ABD Dışişleri`nde Diyanet İşleri Dairesi

Facebook Twitter Linked-in

Shaun Casey (ortada): “Dini liderler ve inanç toplulukları çevrelerini şekillendirirken aynı zamanda Amerika’nın dış politikayla ilgili kaygılarını da etkileme gücüne sahip.'


Amerikanın Sesi Radyosu

Hillary Clinton, Dışişleri Bakanlığı yaptığı dönemde farklı dini topluluklarla irtibat halinde olmanın önemini vurguladı. Pakistan ziyareti sırasında da İslamabad’da bir Sufi türbesini ziyaret etti.

Yeni Dışişleri Bakanı John Kerry de dairenin başına yaptığı atamayı açıklarken Clinton’ın izinde gitti ve Ürdün Kralı Abdullah’la yaptığı görüşmede, kralın, İslam dininin, çoğunluğu dini çarpıtan kişiler tarafından ele geçirildiğini kabul ettiğini söyledi: “Bence tehlike, dinin küresel etkisini gözardı etmemizdir.”

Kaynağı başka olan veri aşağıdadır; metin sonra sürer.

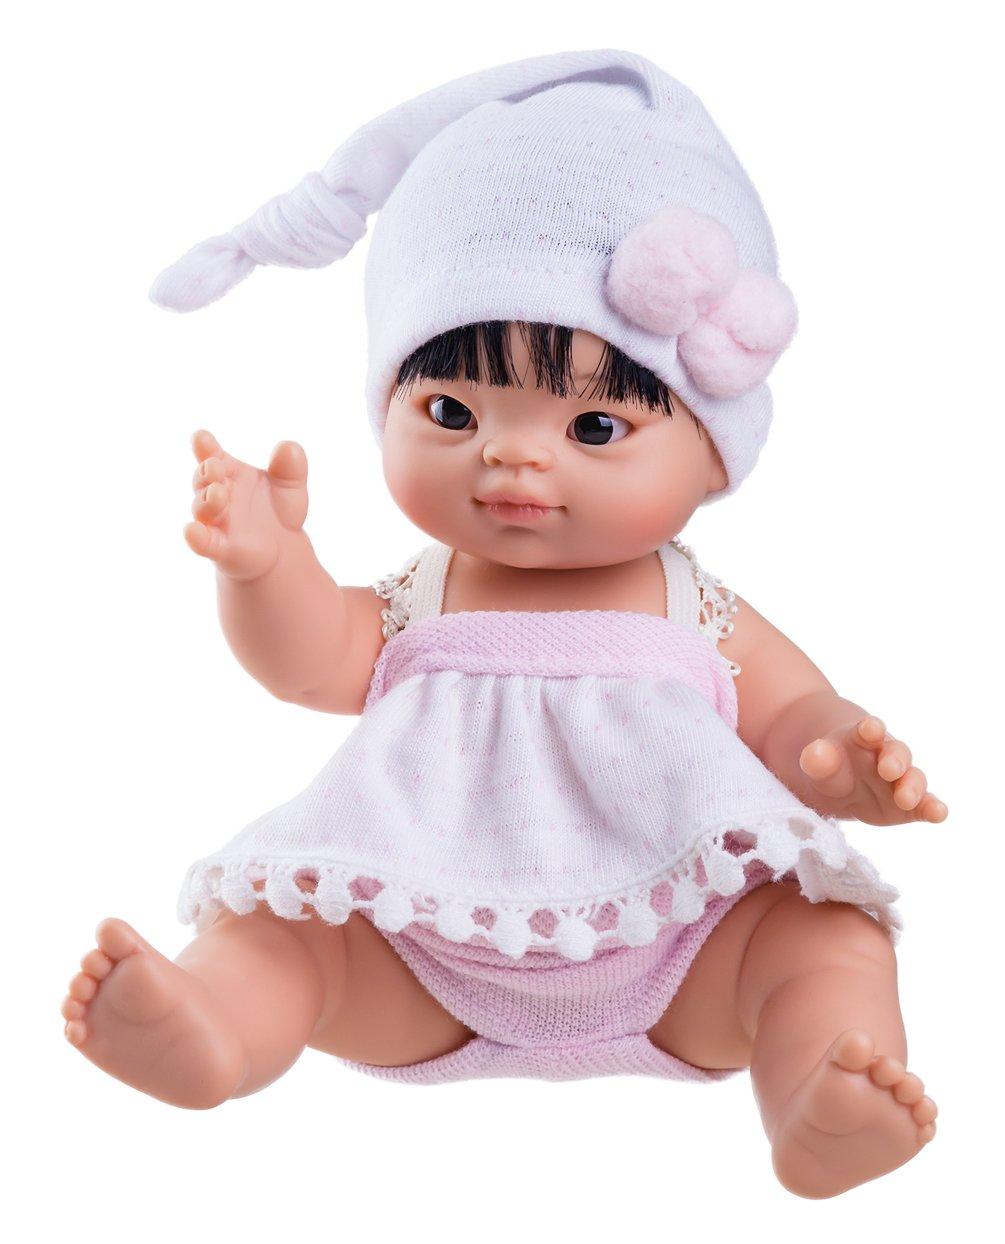 Paolit@s - Página 3 Paola_Reina_Paola_Reina_Paola_reina00648_22_cm_flora_Doll_Paolitos_781510503

Din İlişkileri Dairesi başkanlığına atanan için ilahiyat profesörü Shaun Casey de şöyle konuştu: “Dini liderler ve inanç toplulukları çevrelerini şekillendirirken aynı zamanda Amerika’nın dış politikayla ilgili kaygılarını da etkileme gücüne sahip. Amerika için dini grupları anlayarak kalkınma ve diplomasi çabalarına katılmalarını sağlamak çok önemli.”

Bush yönetimi diğer devlet kurumlarında inanç odaklı girişimler başlattığı zaman ciddi bir tartışmaya yolaçmıştı. Bugün de Dışişleri Bakanlığı’nda böyle bir birim oluşturulmasının dinle devlet işleri arasındaki çizgiyi silebileceği kaygısı gündeme geldi.

Kerry, bunun sınırlarını anayasanın çizdiğini ve bu çizgilere saygı gösterileceğini söyledi: “Ancak yaptıklarımıza inançlarımız yön veriyor. Ve biz de bundan daha büyük bir yarar sağlamak için inancımızı çabaya dönüştürecek yollar bulmalıyız. Bu da hiç bir kırmızı çizgiyi geçmeden mümkün.”

Casey de, yurt dışındaki dini gruplara yapılan muameleyi izleyen Dışişleri Bakanlığına bağlı Uluslararası Din Özgürlüğü Dairesi’yle işbirliği yapacağını belirtti.